While the move was widely expected, Chair Jerome Powell’s dovish tone at yesterday’s press conference and the Fed’s sharply divided dot-plot have left investors wondering what will happen next.

Powell Signals a Risk Management Pivot

Powell framed the rate cut as a risk management decision in his opening remarks, citing mounting cracks in the US labor market.

Revised payroll figures showing 911,000 fewer jobs than previously reported, alongside rising long-term unemployment, point to a weaker foundation than headline numbers suggest.

“The risks to inflation are tilted to the upside, and employment risks are tilted to the downside,” Powell said.

The Fed chair also noted that policymakers do not feel the need to move quickly on rates, but must act preemptively to prevent a deeper downturn.

Powell downplayed the inflationary impact of Trump’s tariffs, arguing that the pass-through has been “slower and smaller” than anticipated.

However, he acknowledged price pressures could persist into 2026. At the same time, he described the labor market as no longer “solid.”

He cited hiring slowing, immigration shifts reducing supply, and AI adoption potentially weighing on entry-level jobs.

Bottom line: Powell’s remarks were even more dovish than his 2024 guidance when the Fed slashed rates by 50 bps.

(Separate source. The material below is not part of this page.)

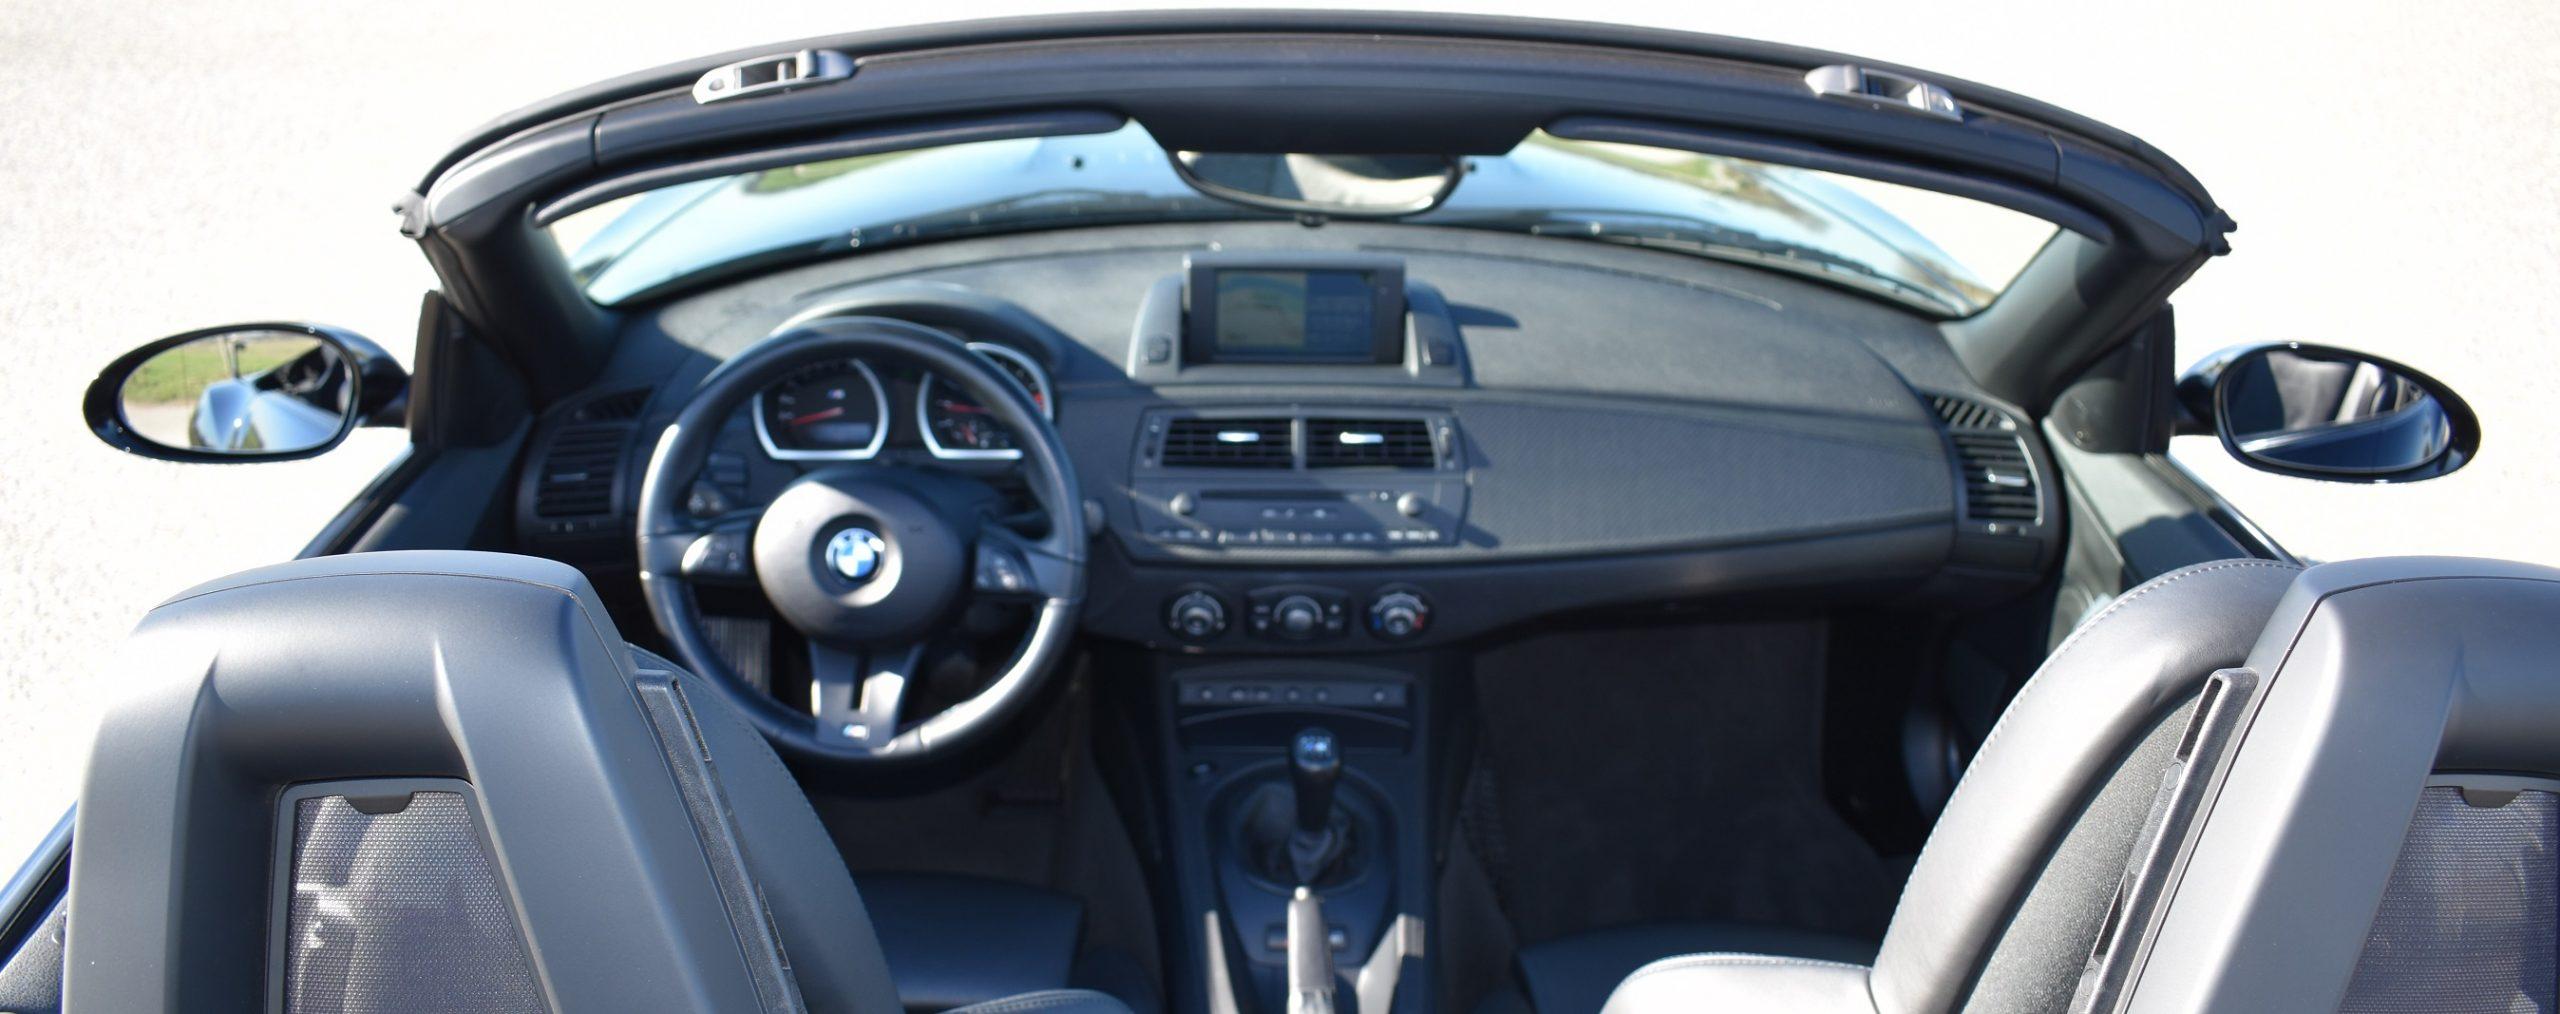 Exclusieve auto kopen bij Driving Passion Den Bosch

This suggests a deliberate pivot toward prioritizing employment over inflation.

Market Reaction With Fed Divisions on Full Display: Dollar Slides, Equities Eye Liquidity

The new dot-plot revealed a central bank struggling to find consensus. Nine of 19 officials see two more cuts this year, while six expect no further easing.

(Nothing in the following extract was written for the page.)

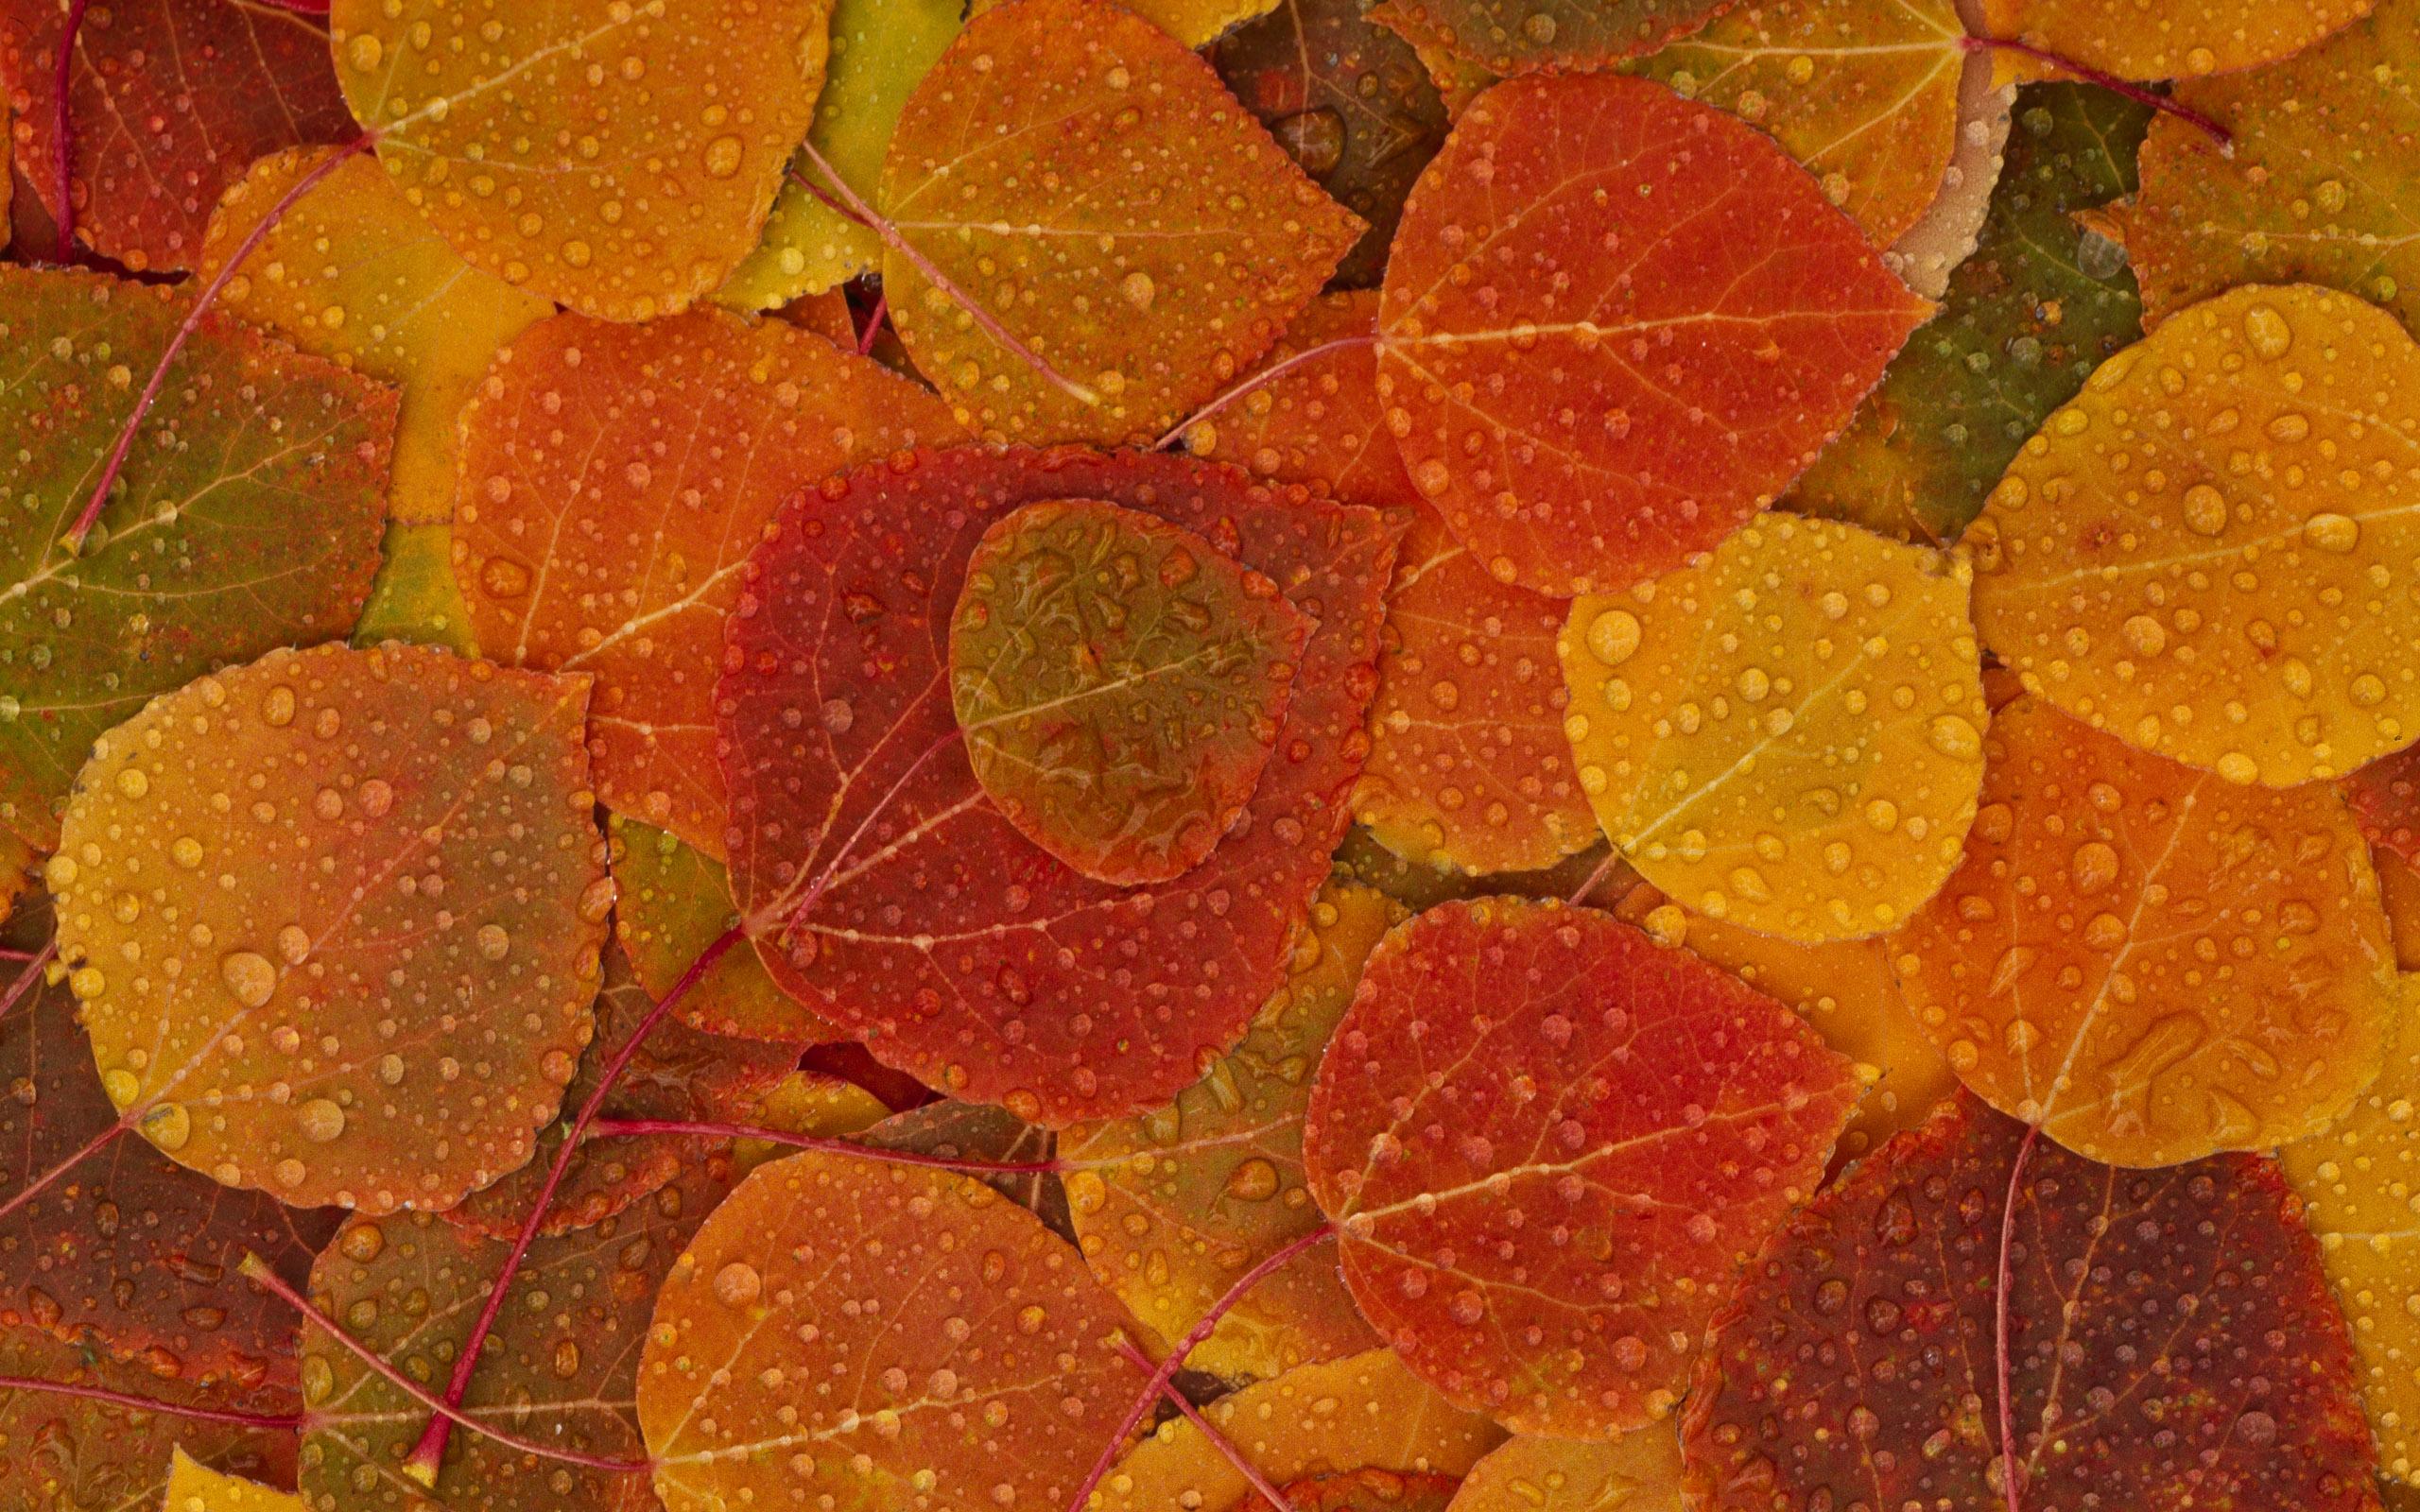 desktop wallpaper fall foliage - www.wallpapers-in-hd.com

One member even projects a hike, while Trump appointee Stephen Miran dissented in favor of a 50 bps cut.

“This meeting was a mess…One member thinks the Fed hikes this year…another thinks we get five cuts. This rigging of the voting to create the illusion of a ‘consensus’ and then publishing a wide dot plot like this only further undermines their credibility,” said macro investment researcher Jim Bianco.

Fed Dot Plot. Source: Jim Bianco on X

Meanwhile, The Kobeissi Letter called the move historic, highlighting the first rate cut in over 30 years with Core PCE inflation above 2.9%.

“It’s clear the Fed is prioritizing the labor market over inflation,” Kobeissi wrote, noting markets now expect as many as four more cuts by September 2026.

The immediate market response was swift. The US dollar fell to its weakest level since February 2022, while equities held near record highs.

Futures markets priced in at least two additional cuts by year-end, with Kalshi data showing the odds of three cuts spiking above 60%.

THE ODDS OF 3 RATE CUTS JUST SPIKED OVER 63% ON KALSHI

THE FED IS NOW ON TRACK TO CUT RATES AT EVERY SINGLE REAMING MEETING THIS YEAR

LOOKS LIKE TRUMP GOT TO POWELL HEAD https://t.co/2JVrcAsc2h pic.twitter.com/o2o2rcbzU3

— GURGAVIN (@gurgavin) September 17, 2025

What Did the Markets Interpret from Powell’s Speech Yesterday?

Barchart highlighted that when the Fed cuts rates within 2% of stock market all-time highs, the S&P 500 has historically risen 100% of the time over the following 12 months, averaging a 14% gain.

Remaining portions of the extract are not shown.